Leurs vertus sont les suivantes:

  • action antimycobactérienne

  • action tonique

  • action dépurative

  • affaissement des lépromes

  • recoloration des taches cutanées

  • normalisation de la peau (très rugueuse)

  • disparition des paresthésies

  • retour progressif de la sensibilité cutanée au froid, au chaud, au tact, à la douleur

  • régression partielle des paralysies et récupération progressive d'un bon tonus musculaire

  • action antinévrite

  • disparition des oedèmes

  • guérison des ulcérations

  • amélioration des lésions osseuses

  • prévention des mutilations

  • prévention des réactions lépreuses

  • cicatrisation des maux perforants plantaires

  • traitement des troubles psychiques

 

Ce bref exposé permet d'appréhender la richesse des traitements antilépreux de la médecine traditionnelle au Sénégal et leurs réponses aux différentes manifestations de la maladie.

 

CONCLUSION

 

Une question vient à l'esprit: quelle est l'origine de ces vastes connaissances dont la perfection ne peut que surprendre?

 

 

Le 17.09.2009

 

Dr Yvette Parès

Professeur à l'Université de Dakar de 1960 à 1992

Dr ès-science

Dr en médecine

Directrice du centre de recherches biologiques sur la lèpre de 1975 à 1992

Directrice de l'Hôpital traditionnel de Keur Massar (Sénégal) de 1980 à 2003

 

Commentaires

MERCI POUR CES INFOS QUI NOUS DONNENT ESPOIR!
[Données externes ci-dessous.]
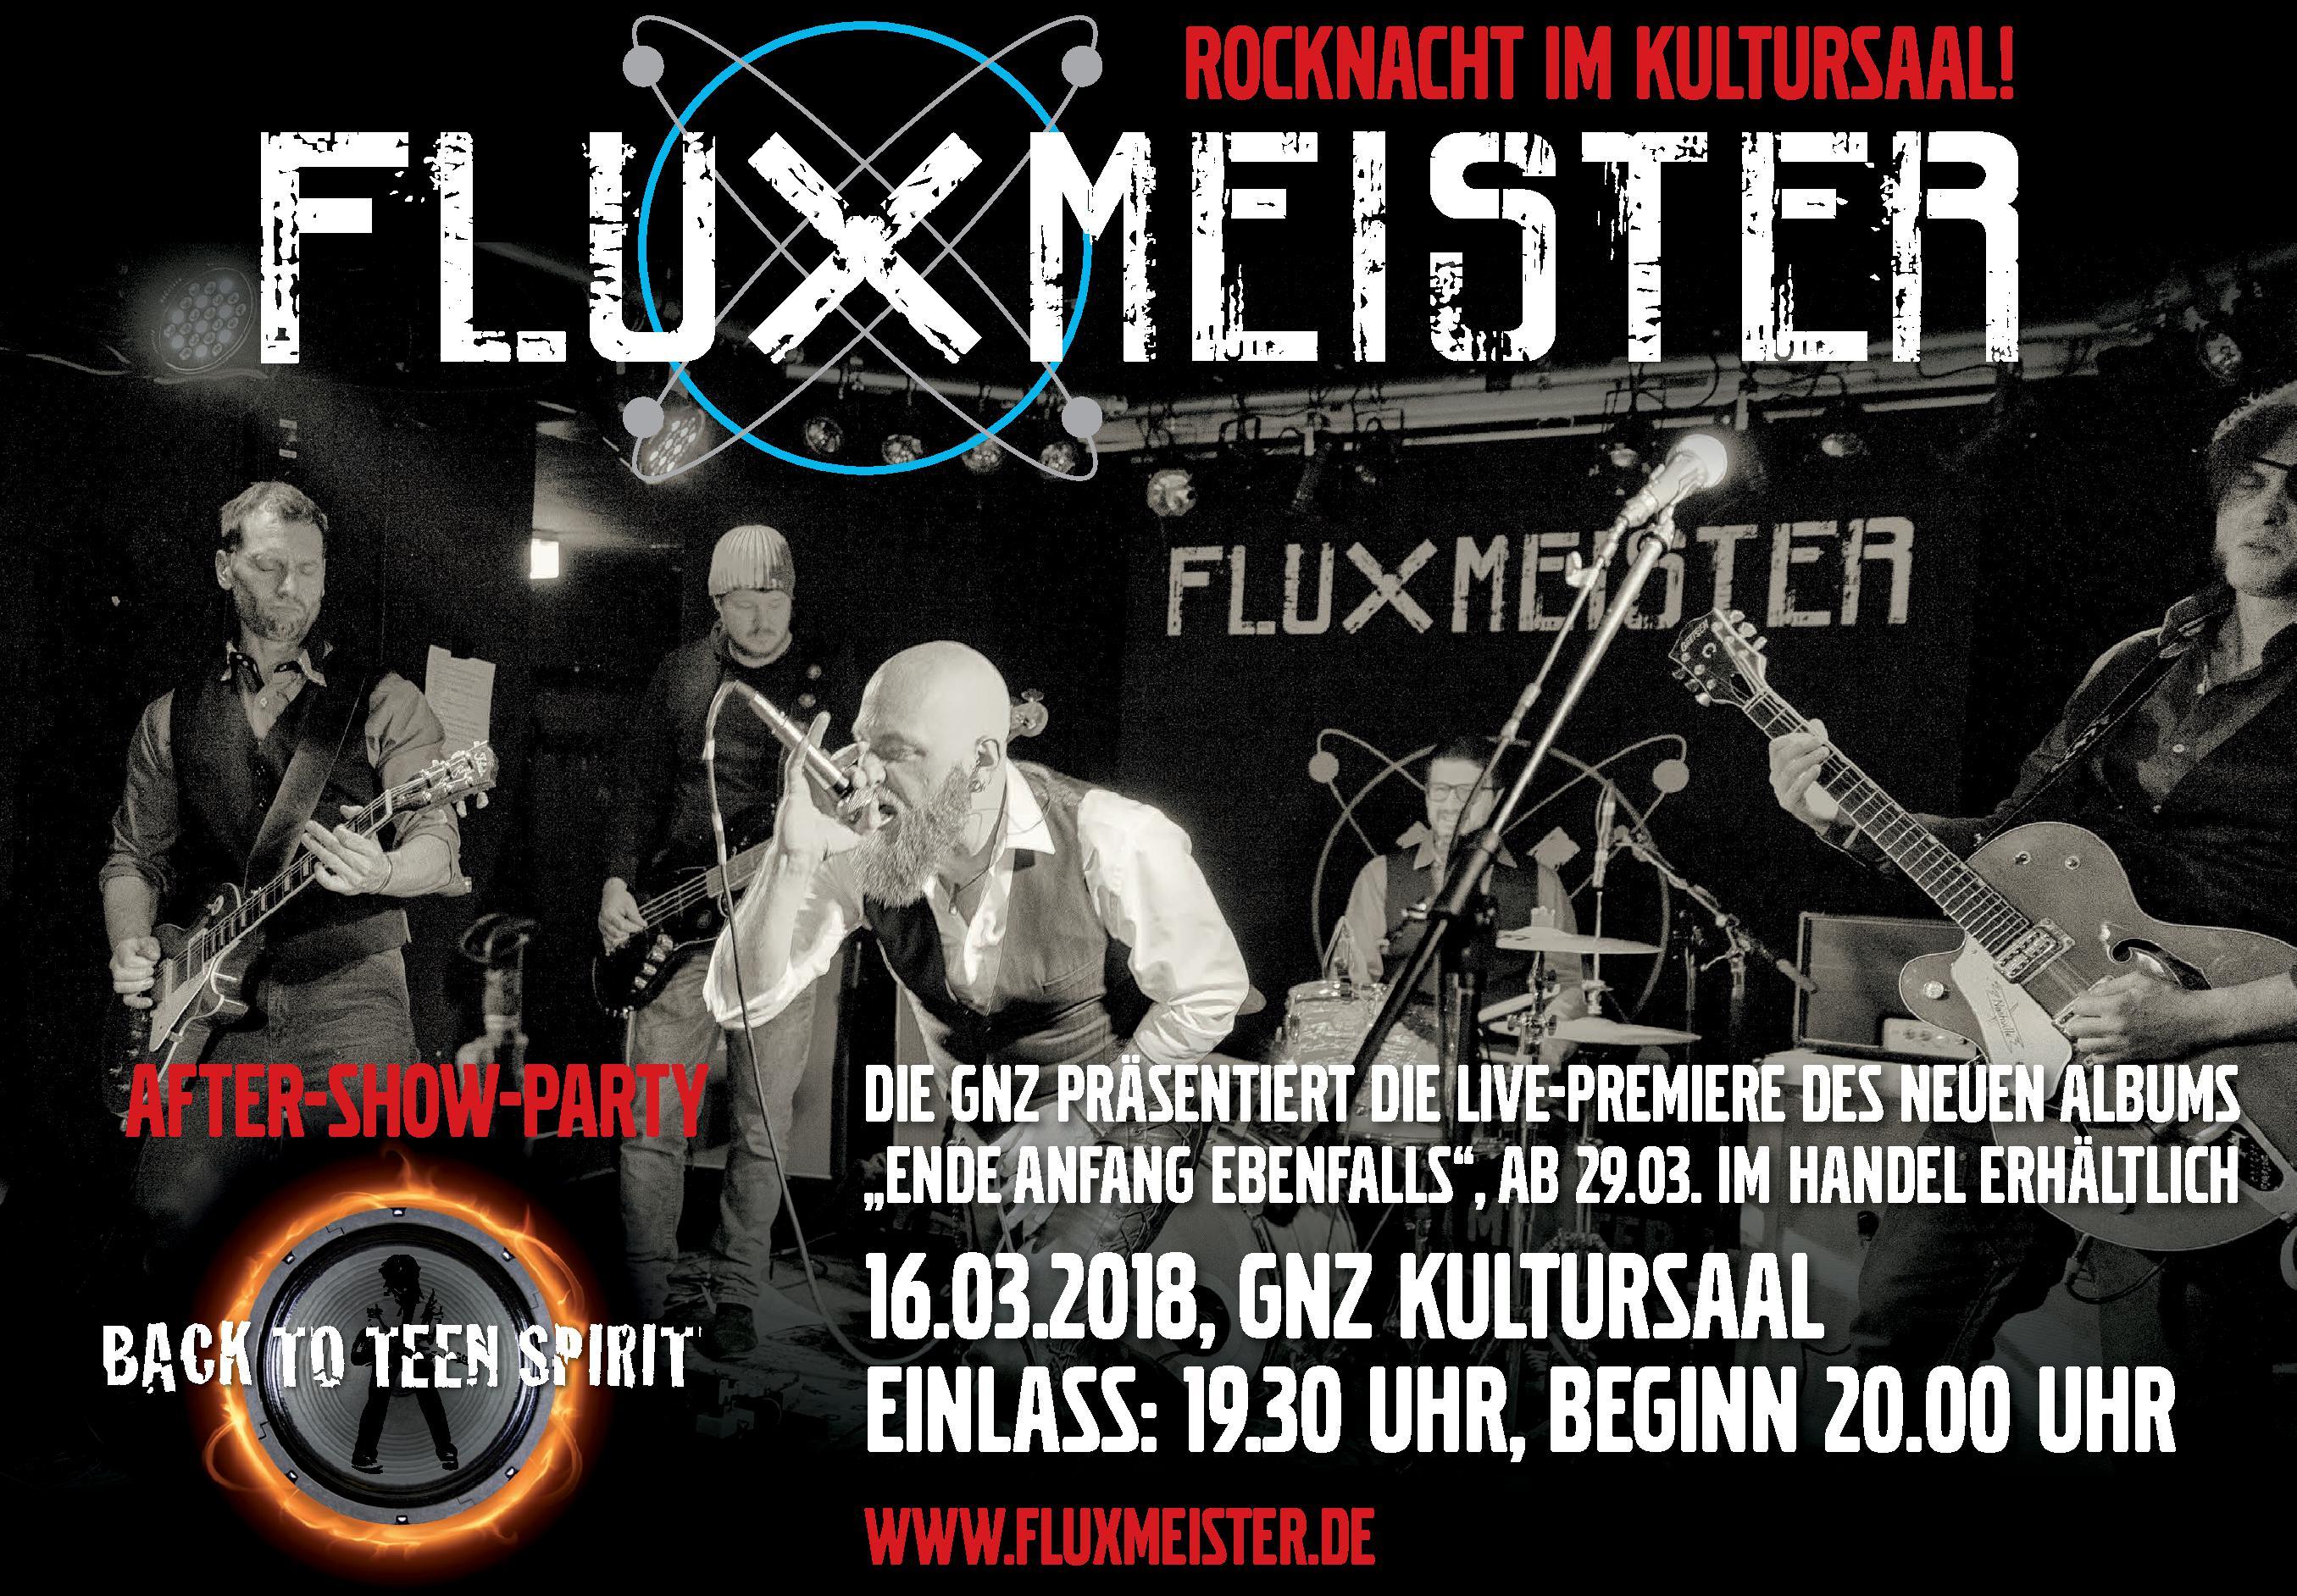 http://www.fluxmeister.de/wp-content/uploads/2018/01/Plakat_Flux_4_quer.jpg

Écrit par : Ndoye Gorgui | 28 septembre 2009

Oui, nous pouvons avoir confiance dans de tels praticiens africains comme par exemple les collaborateurs de l'Hôpital Traditionnel de Keur Massar qui est reste fidèle à sa mission depuis 1980 et qui comprend des praticiens chevronnés virtuoses dans la thérapie contre la lèpre. Même si leur jardin botanique leur fournit beaucoup de plantes, certaines sont cherchées dans la brousse à la bonne saison. Mme Parès en a recensé environ deux cents qui permettent de créer des polythérapies adaptées aux patients, qu'ils soient enfants ou femmes enceintes et selon le degré de la maladie. Chaque thérapeute a aussi son infirmier très dévoué.
L'Hôpital de Keur Massar a aussi très à coeur d'offrir ses soins dans les deux villages de lépreux les plus proches et d'y aller chaque quinzaine pour soigner les couples mère-enfants afin que les petits ne développent pas la maladie.
Toutefois, pour assumer un tel projet, ils ont besoin de soutien financier.